▶ _What the task requires_:
Starting at the line that contains "15W Portable Solar" and stopping at the line that contains "Chanel Black Quilted", transcribe every line of the material below exactly; pictures stay out.

▶ _Data for this task_:
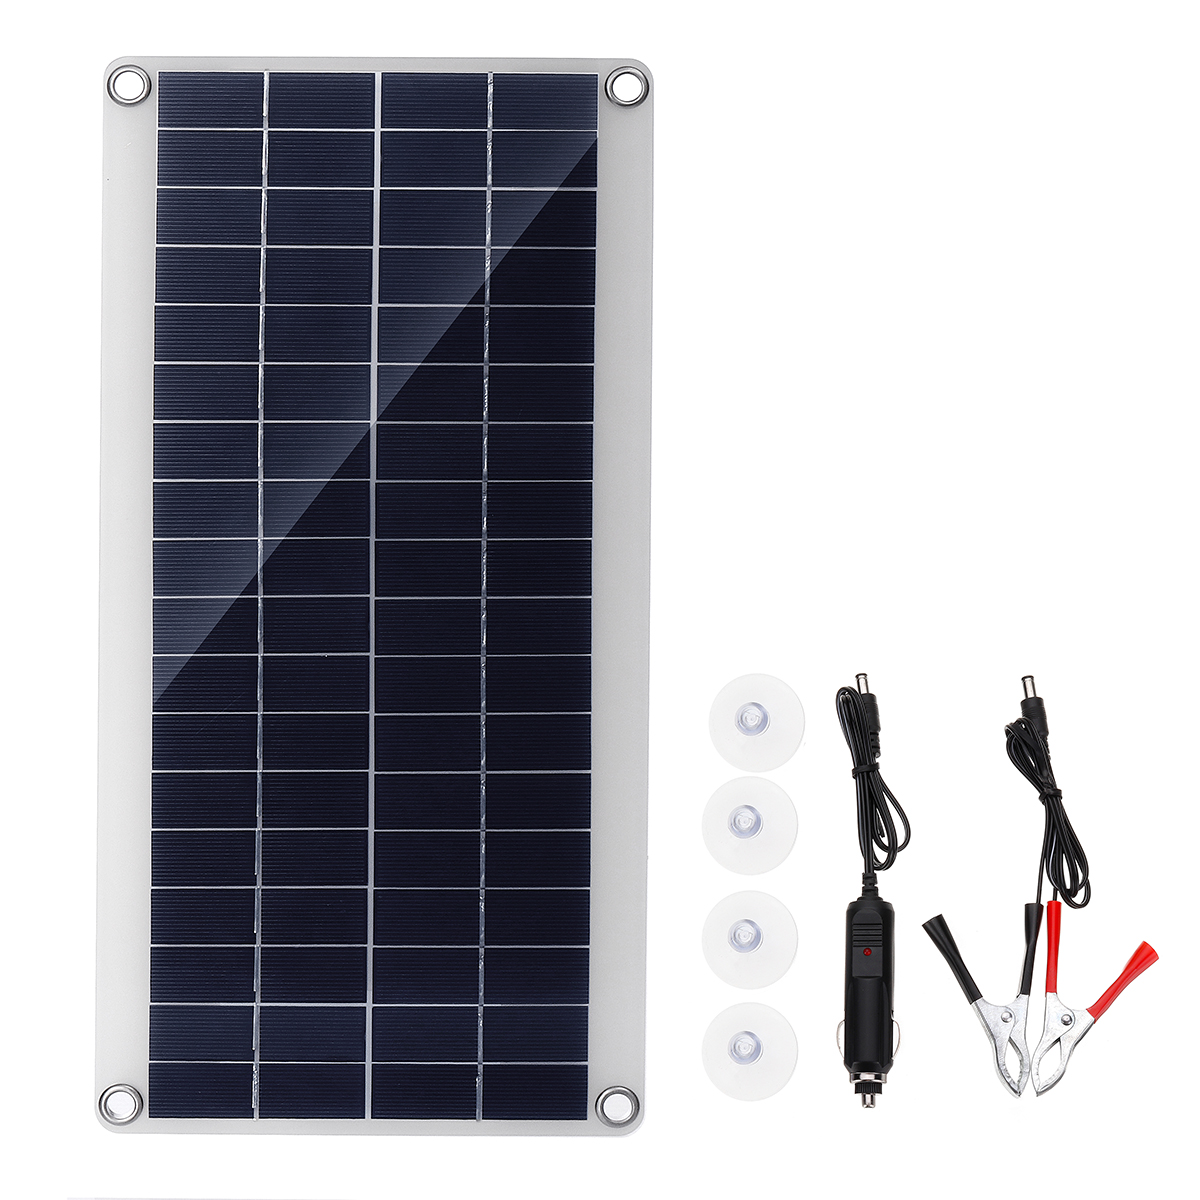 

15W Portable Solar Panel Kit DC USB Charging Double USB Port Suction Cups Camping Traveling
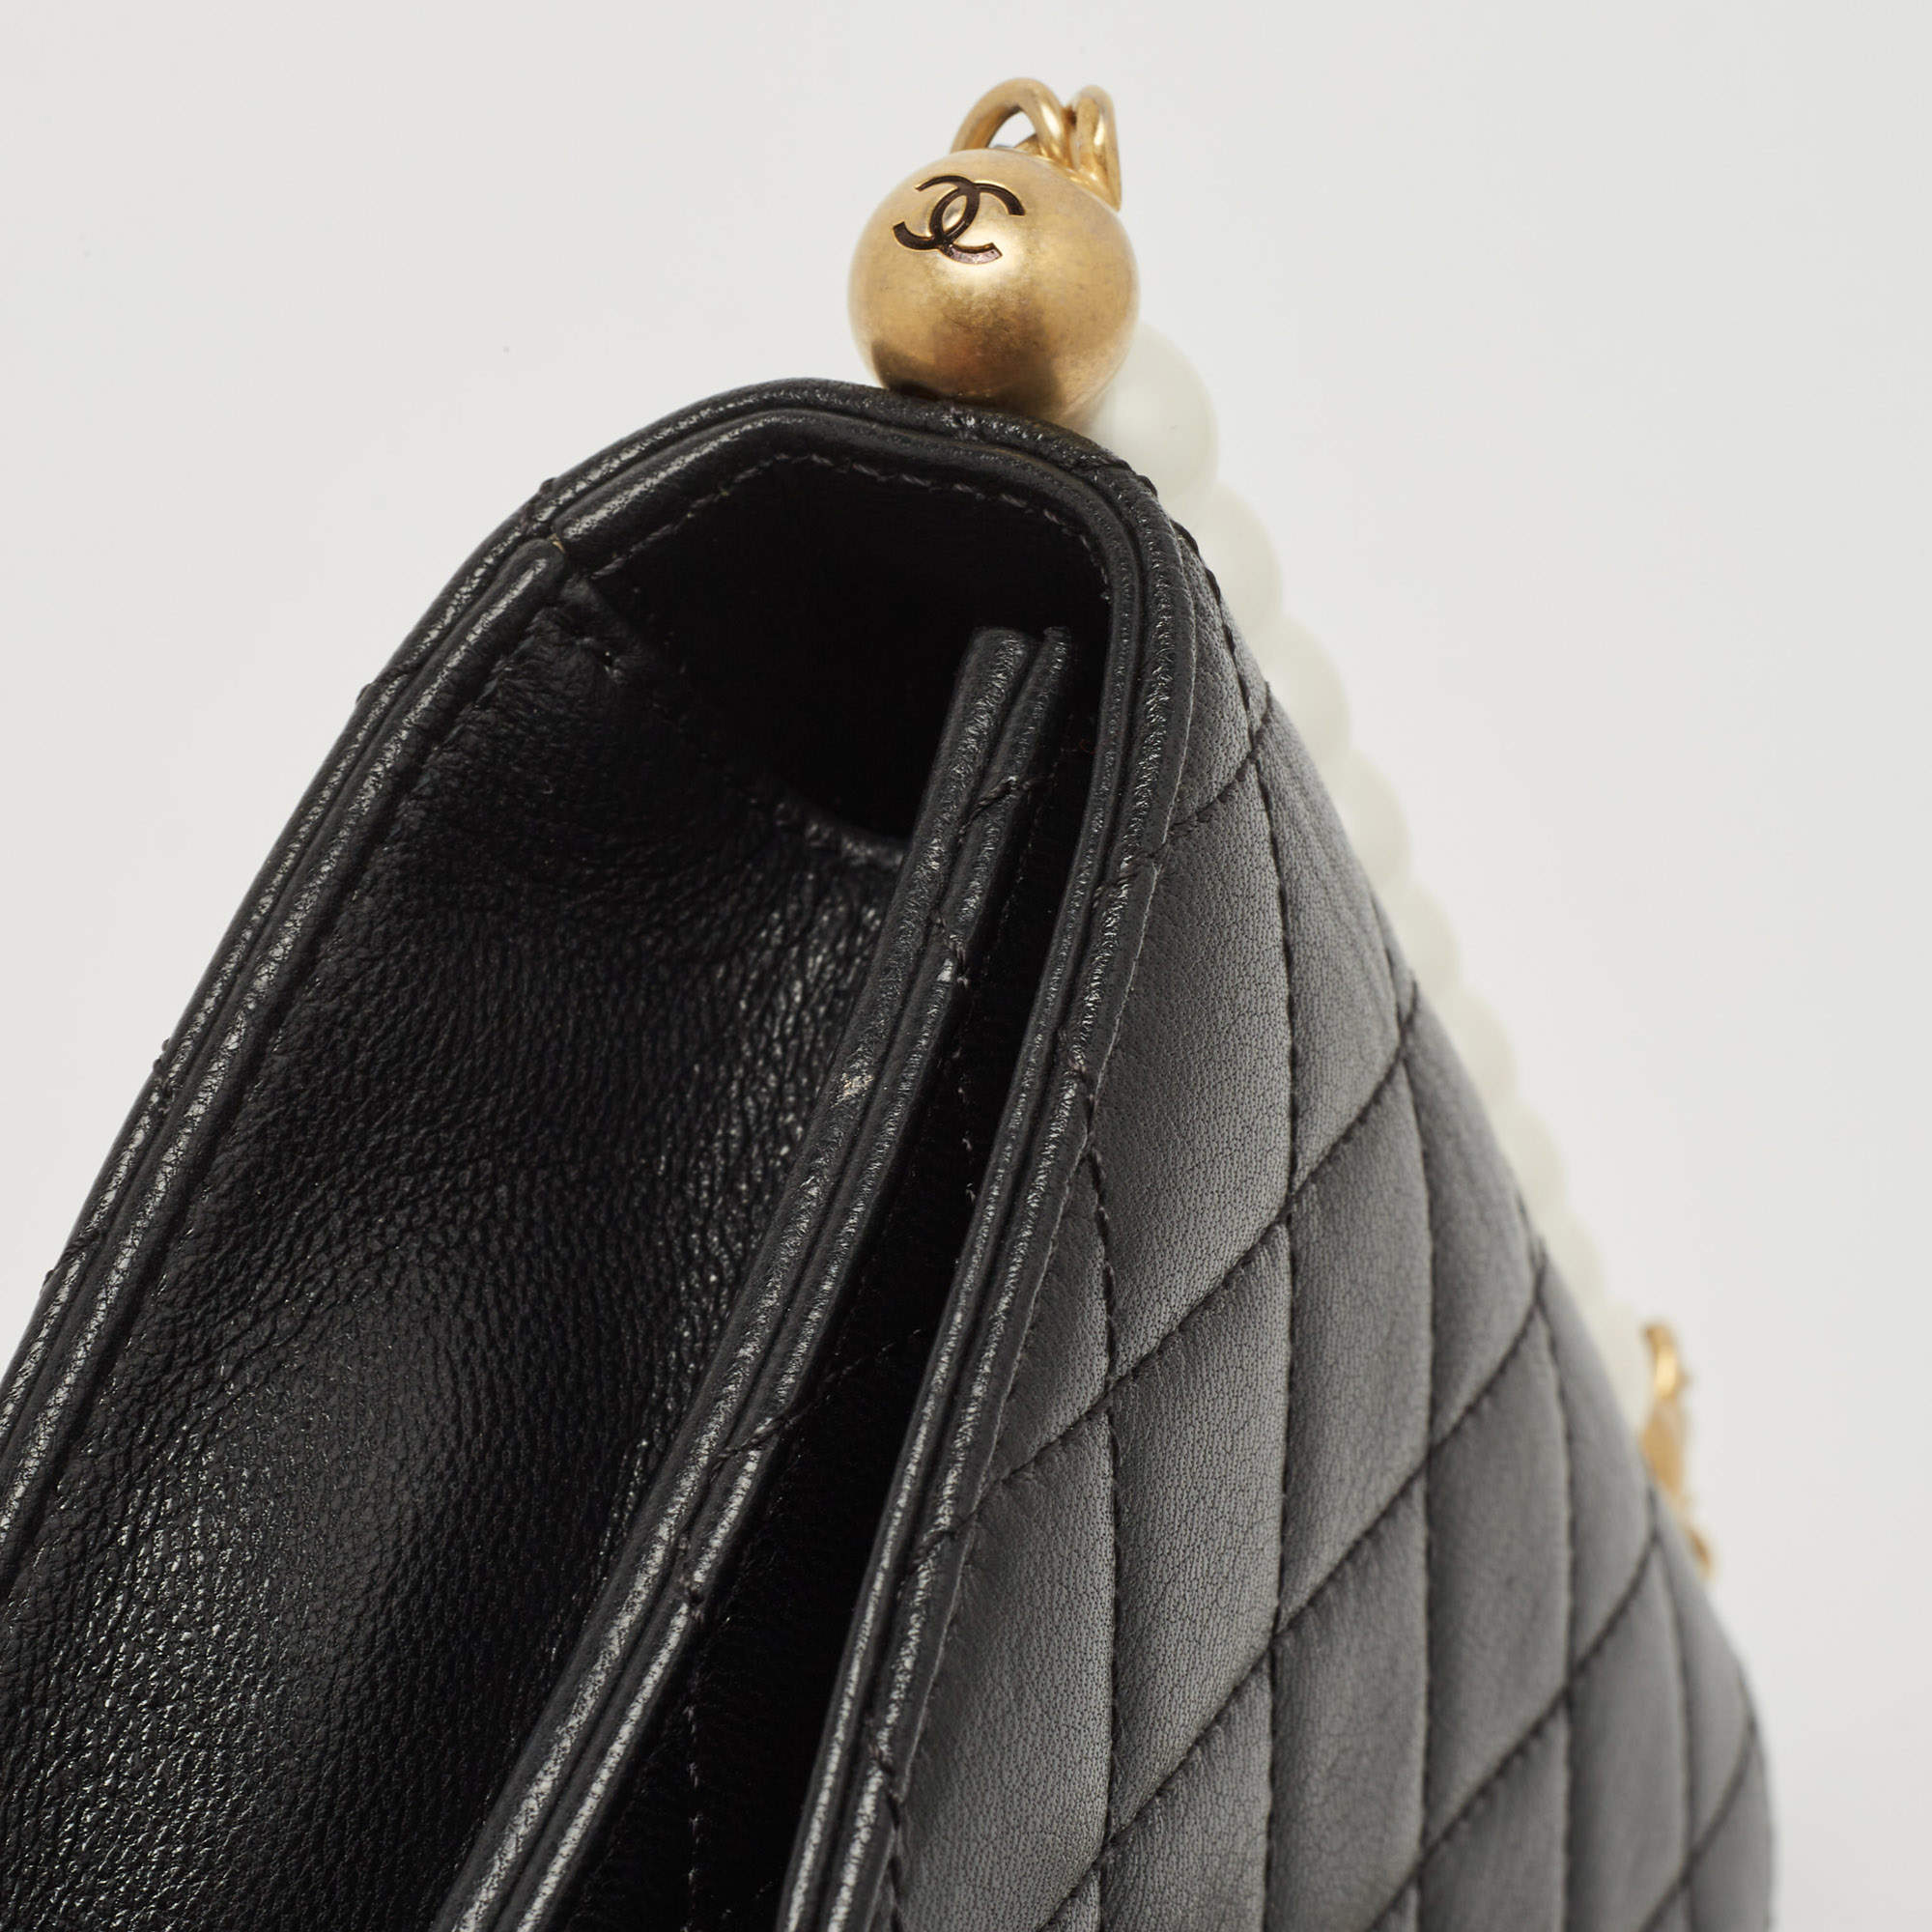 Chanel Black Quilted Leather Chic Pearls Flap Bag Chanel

==

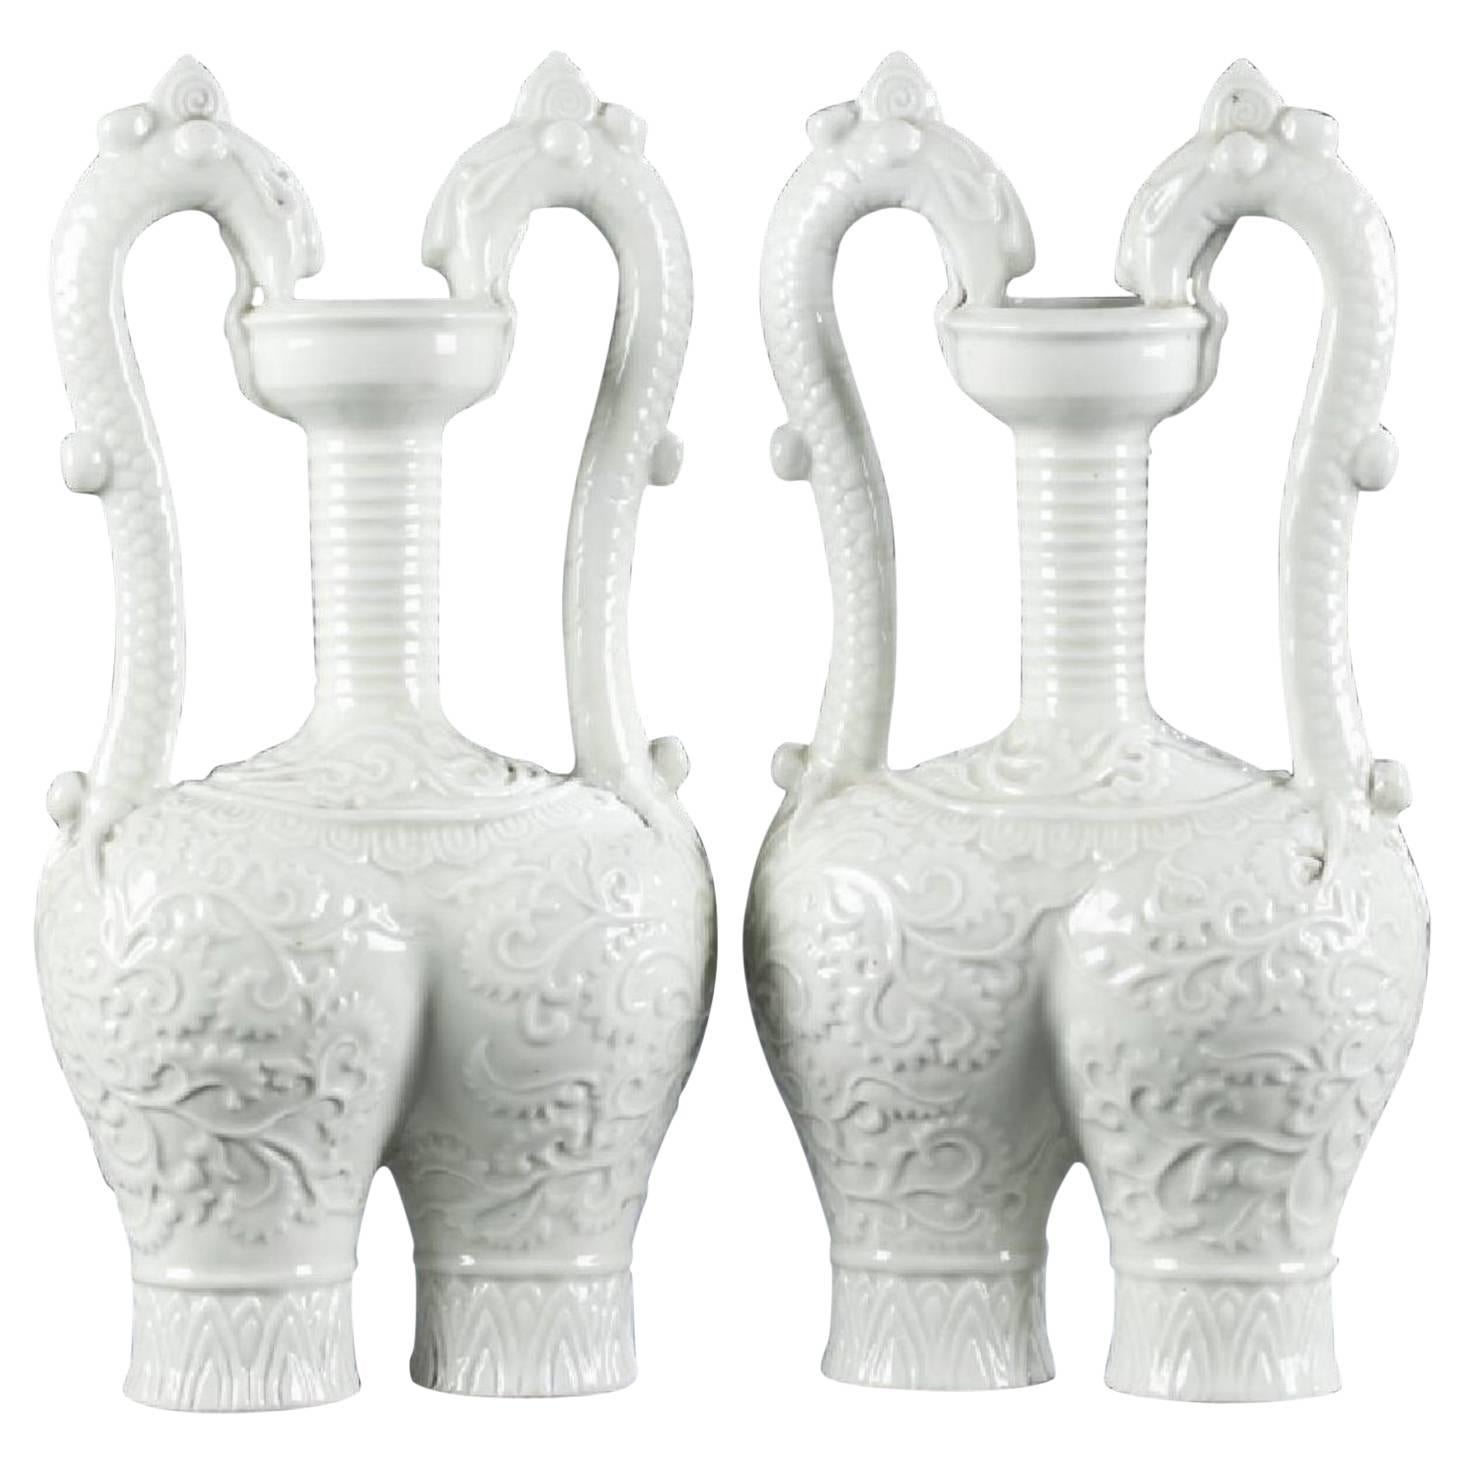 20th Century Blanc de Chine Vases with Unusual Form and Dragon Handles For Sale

▶ _Exercise answer_:
15W Portable Solar Panel Kit DC USB Charging Double USB Port Suction Cups Camping Traveling
 Chanel Black Quilted Leather Chic Pearls Flap Bag Chanel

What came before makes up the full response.